|
|||||||||
PREV CLASS NEXT CLASS | FRAMES NO FRAMES | ||||||||
SUMMARY: NESTED | FIELD | CONSTR | METHOD | DETAIL: FIELD | CONSTR | METHOD |
java.lang.Objectcox.jmatt.java.MathTools.util.NoteworthyParser
public class NoteworthyParser
This class is designed to take a Noteworthy-formatted document and convert it to HTML. To use the parser first create an instance. Next create and
configure a MathGenHTML
for the parser to use. This is handy if some of the tags generated need default attributes set. Finally, feed the
parse()
method a newline-separated String of Noteworthy-formatted text. Unless the universe collapses the method will return an
HTMLTag
containing the HTML-formatted document. This can then be manipulated as needed.

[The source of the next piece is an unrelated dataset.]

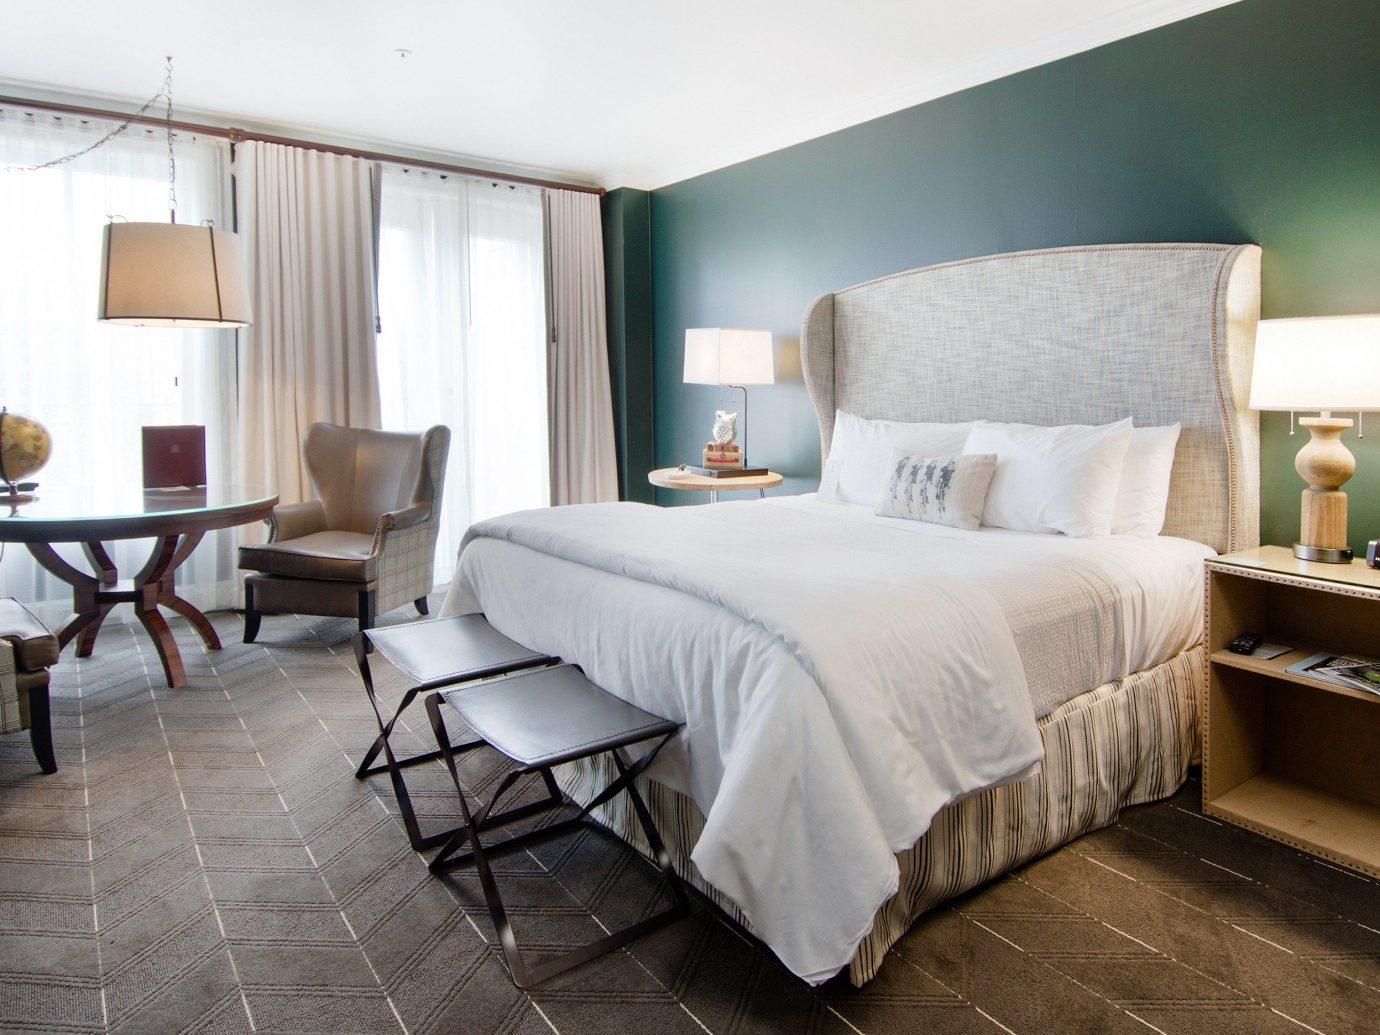 Sentinal Hotel in Oregon

Noteworthy is a set of rules and a parser designed to convert plain text lecture notes into HTML documents. Specifically, it allows both unparsed
notes and parsed markup to be mixed in a single document. The basic parse-marker is the double quote (N.B. This is the single-key double-quote character,
not a double apostrophe!) followed by a special formatting character. The parser extracts these lines, converts them to HTML, and returns them in a
HTMLTag
instance. Unquoted lines are ignored.
Noteworthy input is, as stated previously, plain text. Lines that begin with special (and logical) formatting characters are formatted per their function. Other parsed lines are assumed to be part of a paragraph, division, or directly within the <body> of the document. Some nesting of tag types is possible but it is tricky at best.
Any tag, list, paragraph or division can be closed with a single blank line. One blank line closes the closest previous open 'thing.' So if a list follows a paragraph the first blank line closes the list. In the case of lists, though, any line starting with a non-list character terminates the list. If the list immediately follows an open paragraph (no blank lines between) it will be included in the paragraph. The best way to gain a feel for this is to experiment!
The structural philosophy of Noteworthy is fairly rigid. The ultimate top-level container is the <body> tag. All elements are contained within it and it doesn't close until the end of the document. The body can hold divisions, paragraphs, or lists. Divisions can hold paragraphs and lists. Heading elements of any level can be included in the body or a division.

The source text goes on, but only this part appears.